We identified target domains for our ontology, which primarily map to the business information sector, the marketing and sales sector, and the business publishing industry interested in new innovative data-driven products and services. Users working with data in these domains will benefit from a common representation that covers the types of information contributed by the different data providers. This common representation will also ease the task of data providers and aggregators who need to validate, transform and clean the data by providing a single ontology to target. The fact that there is a single ontology that provides a common representation will also benefit service developers who need to reference company information to implement their services. To this end, the ontology has to capture the properties of the different identifiers that can be used to link the different entities being represented, providing machine readable descriptions for the identifier systems in use, including support for describing rules for validation and normalization of company and company-related identifiers.
Taking into account the needs of the intended users of the ontology and after the analysis of the data provided, we elicited the ontology requirements following the Neon methodology [39] for requirements specification, and considering two kinds of requirements.
Firstly, we consider functional requirements dealing with the scope of data and groups of competency questions that the data should be able to answer. The functional requirements include:
Capture the concept of a company, representing the different types or legal forms that companies can take, their jurisdictions and registration information, legal and alternative names, official and secondary locations, prevalent economic activity, web keywords and social media accounts, among others;
Capture the concept of company officers, their roles and officerships, including temporal information to be able to represent these officerships through time;
Provide machine-readable descriptions of the properties of the different systems of identifiers available to external applications and services, so that algorithms can be developed to select and prioritise the most suitable identifiers for a task (this includes provisioning of validation and cleaning rules for identifiers to help their usage); and
Provide data advertising and extensibility features, including description of additional properties of company and company-related entities that are not covered by the model but are available from company data providers as unique or differentiating features.

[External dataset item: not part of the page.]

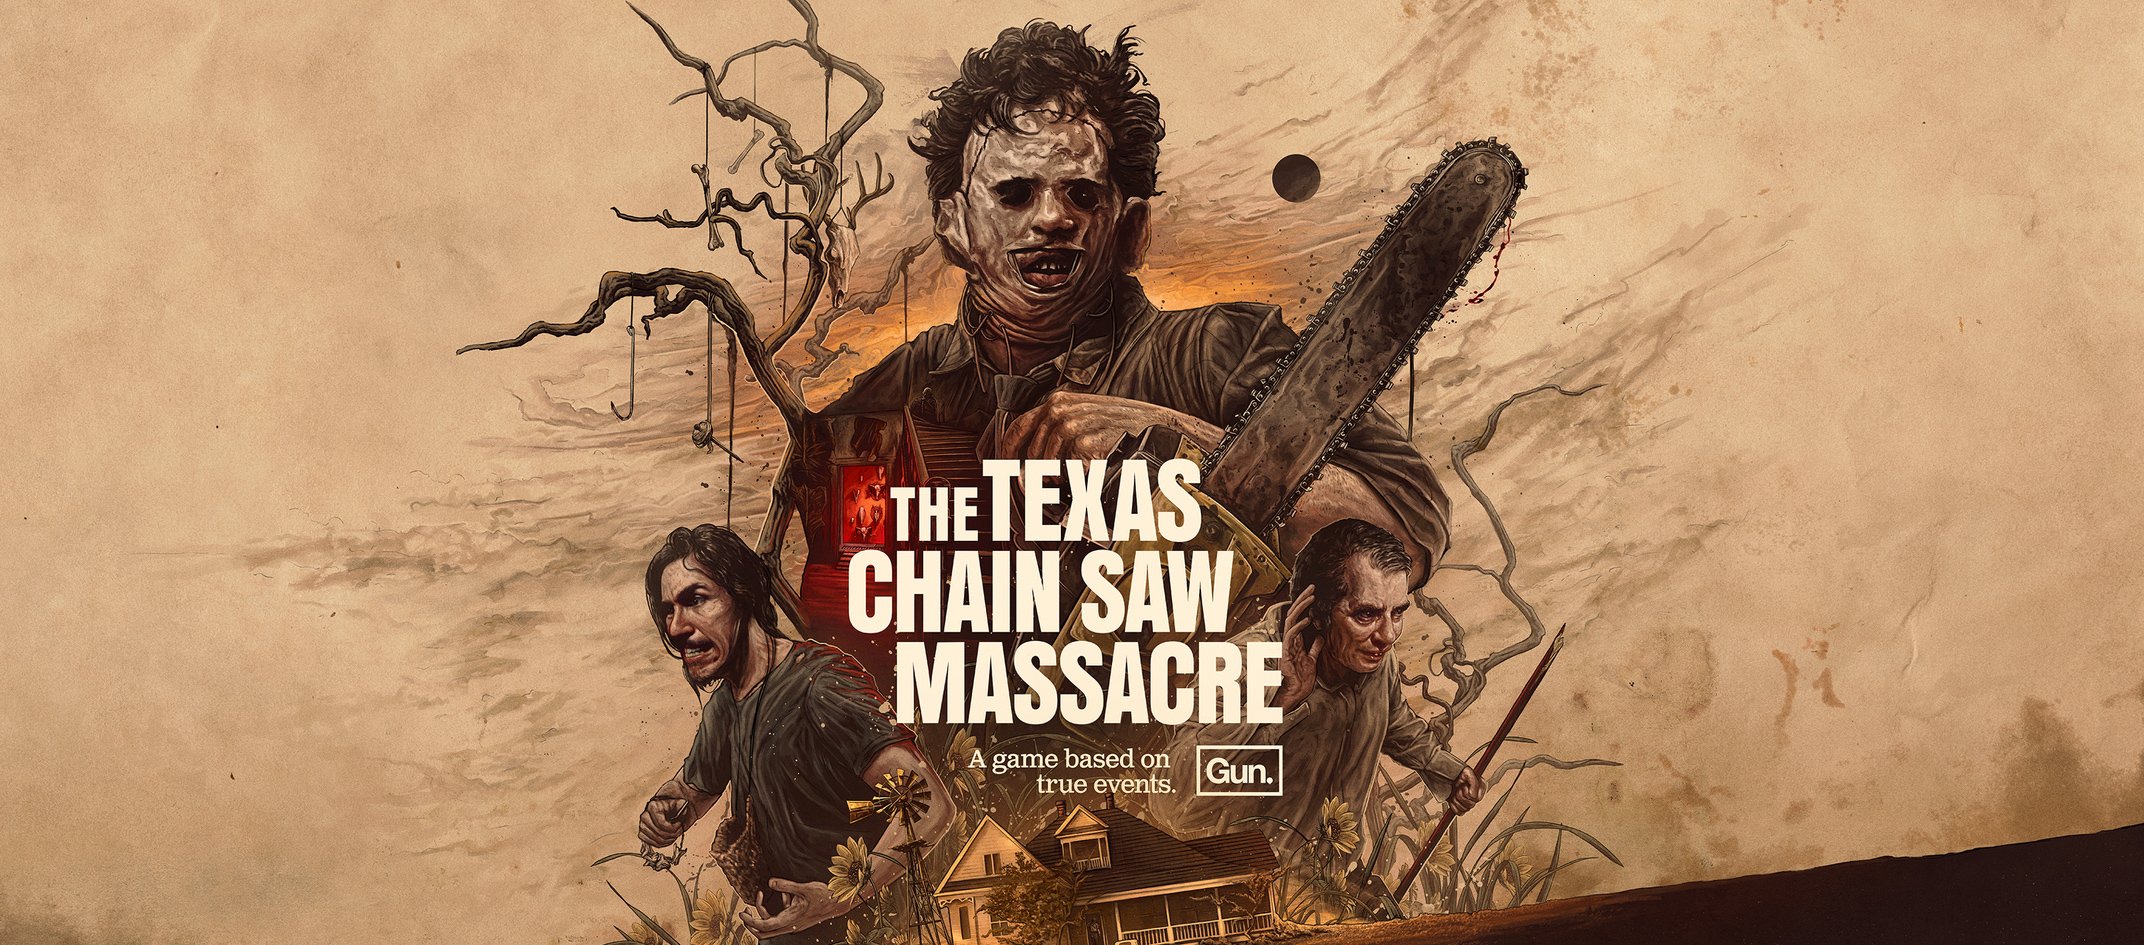 The_Texas_Chain_Saw_Massacre_Splash_Page_AB.jpg

Phases of the euBusinessGraph ontology development process.
Examples of groups of competency questions that the data should be able to answer include:
What companies are relevant to the search keyword “Opel”?

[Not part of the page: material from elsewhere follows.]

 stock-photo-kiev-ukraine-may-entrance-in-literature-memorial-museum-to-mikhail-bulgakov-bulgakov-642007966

What are the jurisdictions and legal types of companies matching that search keyword?
What companies match an industry classification such as “Automotive companies”?
What are alternative names for the company “Opel Group GmbH”?
What jurisdiction does the company “Opel Group GmbH” belong to?
What is the official address of “Opel Group GmbH”?
Does the company “Opel Group GmbH” have other locations (additional addresses)?
What companies are located in “Rüsselsheim am Mein”?
What are the economic activities registered for the company “Opel Group GmbH”?
Is the company “Opel Group GmbH” publicly traded? Is it a startup? Is it government-owned?
How many companies in a given industry classification are available in each country, NUTS statistical region, province, county, and city?
What are the points of contact (phone, email) of “Opel Group GmbH”?
What is the online presence (web, email, blog) of “Opel Group GmbH”?
What is the Wikipedia page of the company “Opel Group GmbH”?
Who are the officers of “Opel Group GmbH” (including historical timeline)?
What is the legal company type of “Opel Group GmbH”?
What is the current status of “Opel Group GmbH”?
Which jurisdictions are covered by which data provider datasets?
What is the number of companies and persons in each data provider dataset?
What additional properties are available for “Opel Group GmbH” from different data providers?
What additional properties are available from different data providers, and what is their coverage across companies?
Secondly, we consider non-functional requirements dealing with the general requirements or aspects that the ontology should fulfill. Foremost amongst these is Six of the nine scenarios in the “Neon Book” Chapter 2.3 (Nine Scenarios for Building Ontology Networks) revolve around reuse.
Reuse existing ontologies as often as possible, in order to reduce effort and promote the use of the integrated data;
Make the developed ontology as easy to reuse as possible;
Use simple and pragmatic mechanisms with low “ontological commitment” rather than complex ontological mechanisms (see Section 3.3); and
Support the integration of all company data provided by at least one data provider, spanning authoritative and non-authoritative sources and modelled in different ways under a single representation schema.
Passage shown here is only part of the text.